Green politicians acknowledge that the party has a history of over-performing in polls, and questions remain over whether they can overcome the skepticism of the comfortable middle classes at the ballot box in September.

In some quarters, particularly the conservative press, the party has earned the moniker of the “ban party”, a jab at its perceived nanny-state inclinations towards regulating cars, travel and eating habits.

“The Greens are still a party of regulations, of forbidding, rules and permissions, and they have not overcome this image,” said Graw. “It’s in their genes to regulate a lot of things in Germany.”

There is also the issue of managerial competence.

Armin Laschet and Markus Söder, the rivals vying for the candidacy of the CDU and CSU, have years of experience leading Germany’s two most populous states.
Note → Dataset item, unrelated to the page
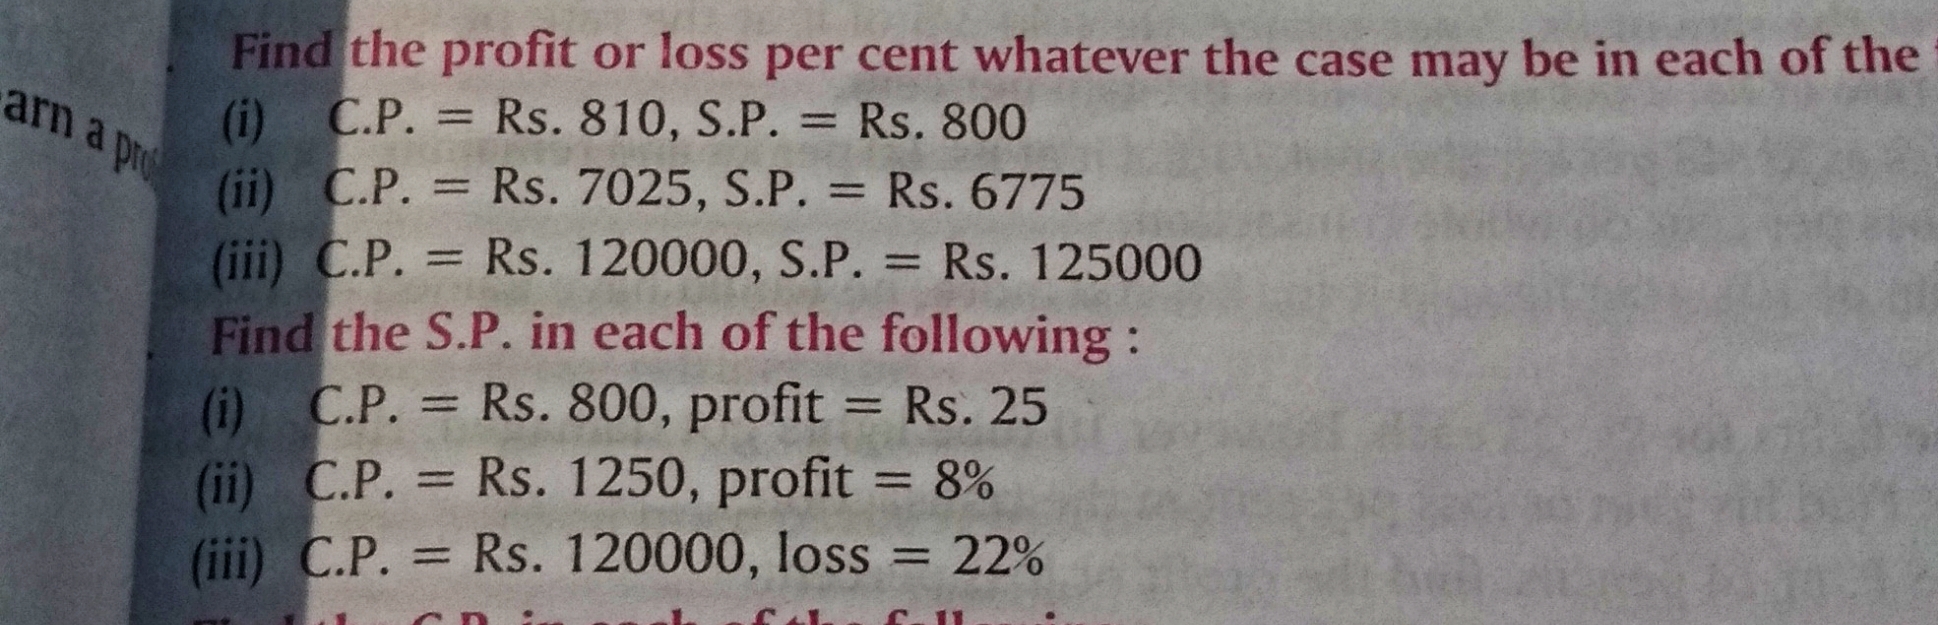 Find the profit or loss per cent whatever the case may be in each of t

“If you compared them with the Prime Ministers of Bavaria or North Rhine Westphalia, people in the end would ask: ‘Are Annalena Baerbock or Robert Habeck experienced enough to sit on the negotiation table in the future years together with President XI, President Biden, Prime Minister Boris Johnson, with Mr. Erdogan, and will deal with them successfully?’” Graw told Al Jazeera.

But long-term trends have been bending in the Greens’ favour.

Social surveys have shown that Germans are increasingly better educated, tolerant and concerned about climate disaster.

“The Greens are the biggest beneficiaries of these developments,” said Arzheimer.